Puspita1973Avatar border
TS
Puspita1973
KUMPULAN CERPEN HOROR: SUARA DARI MAKAM TUA
KISAH NYATA

Radar Solo

Dalam sebuah rumah berdinding kayu dengan banyak jendela kami tinggal. Di depan rumah berdiri kokoh sebuah pohon mangga yang berdaun cukup lebat, di samping jambu biji yang buahnya terasa lama sekali matang, dan belakang rumah asam Jawa. Sementara di kiri dan kanan rumah ditanami lamtoro. Ibu saya sangat menyukai buah tanaman itu. Untuk campuran membuat masakan tradisional.

Rumahku adalah surgaku. Begitulah. Dari dan sini beberapa kisah cerita saya yang "ugh" tersimpan.

Saat itu umur saya baru sembilan tahunan. Tepatnya kelas empat SD. Sedangkan adik saya, kelas satu. Kami berbeda tiga tahun.

Kami hanya tinggal bertiga. Dari Senin sampai Sabtu, Ibu saya bekerja dari jam setengah tujuh pagi hingga lima sore. Walaupun di rumah hanya berdua tanpa pengawasan orang dewasa, saya dan adik tetap hidup normal layaknya anak lain sebaya. Tak pernah merasa kekurangan kasih sayang, perhatian dan yang sejenis dengan itu. Namanya juga anak-anak. Selalu bahagia. Bermain dan bermain itulah dunia saya.


99oo

Siang itu, saya bersama adik dan beberapa teman sedang bercengkrama di sekitar sumur yang diperuntukkan umum, meski sebenarnya milik pribadi tetangga sebelah rumah yang sangat baik hati. Saat itu belum ada PDAM. Dan, ketika musim kemarau, semua orang biasa mengambil air di sumur itu.

Dari sumur yang letaknya cukup tinggi, maksud saya sumur ini berada di atas tanah yang posisinya lebih tinggi dibandingkan sekitarnya, di tempat ini kami seolah bisa memandang lurus sejajar ke sebuah tempat yang kami sebut gunung. Yang dimaksud gunung di tempat saya ini, bukan seperti Merbabu, Merapi, Semeru, Lawu atau gunung-gunung lain yang sejenis itu. Apalagi Puncak Jaya. Namun, hanya dataran yang memiliki ketinggian dpl lebih dibanding tanah sekitarnya. Berupa padang ilalang luas dengan beberapa tanaman mangga yang jumlahnya dapat dihitung dengan jari. Tempat ini jarang didatangi orang apalagi anak-anak. Namun tak demikian halnya dengan saya. Gunung yang sepi itu menjadi salah satu tempat favorit.

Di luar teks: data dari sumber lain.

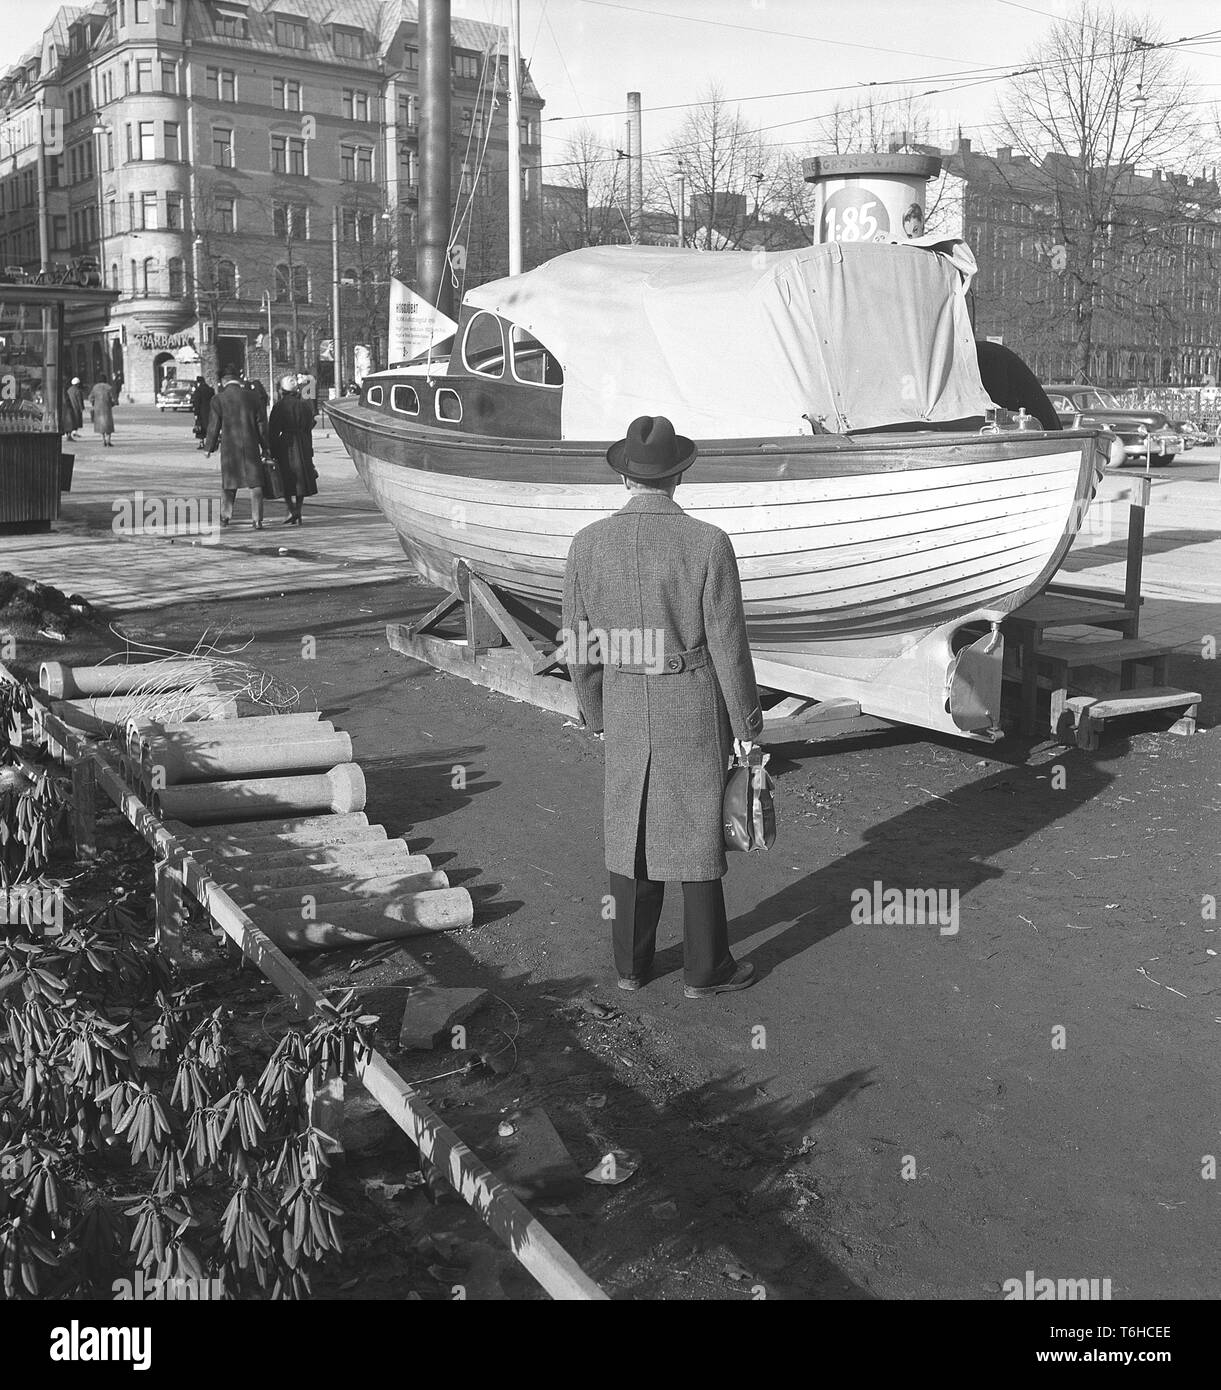 Années 1950 l'homme. Un homme est debout devant un tout nouveau sur ce bateau en bois afficher comme étant le premier prix j'ai une loterie. Kristoffersson Photo ref BTE51-8. Suède 1956 Banque D'Images

"Na, gunung, kan, keliatan dari sini. Berarti kalau aku ke sana, aku bisa melihat kamu di sini," ucap saya pada seorang teman.

"Iya."

"Kalau begitu kamu dan mereka," saya menunjuk beberapa teman yang kebetulan sedang berada di tempat itu,"tetap di sini, ya. Aku sama adikku mau ke gunung. Nanti aku lambaikan tangan dan panggil nama kalian, semua menyahut, yo!"

"Yaaa." Suara mereka terdengar kompak menyahut.

Saya dan adik pun dengan semangat empat lima berjalan ke arah selatan. Menuju gunung yang jaraknya kurang lebih satu kilo meter. Setelah melewati jalan menurun, datar, dan menurun lagi sampailah di jalan terakhir yang harus kami tempuh. Tanah berumput liar, menanjak dengan kemiringan kurang lebih empat puluh lima derajat.


Gallery indah


Setelah kurang lebih lima meter kami melangkah dengan deru napas yang sedikit lebih cepat, sebuah makam tua seolah menyambut. Ya, makam yang terlihat sangat tua. Meskipun bersih beberapa kayunya tampak berjamur. Hanya ada beberapa makam di tempat itu. Hampir semuanya memiliki cungkup.* Dan, areal pemakaman ini dinaungi pohon-pohon tua dan besar. Meskipun matahari seolah membakar kerak bumi sekalipun, tempat itu tetap teduh. Rindang daun pohon-pohon di sana tak tertembus sinar matahari.

Menurut cerita orang-orang, hanya orang penting yang dimakamkan di situ. Mereka yang dianggap memiliki kelebihan. Kesaktian, kekuasaan atau yang sejenis dengan itu. Tentu saja, saya tidak bermaksud ke sana. Saya dan adik pun berjalan ke arah kiri. Walaupun pada akhirnya berhenti tak jauh dari makam, juga. Kurang lebih sepuluh meteran.

Dan benar saja, begitu saya melihat ke arah yang saya perkirakan sumur dan tempat Na dan kawan-kawan berada, saya melihat mereka. Saya pun langsung melambaikan tangan. Mereka membalas. Melompat dan bersorak kegirangan.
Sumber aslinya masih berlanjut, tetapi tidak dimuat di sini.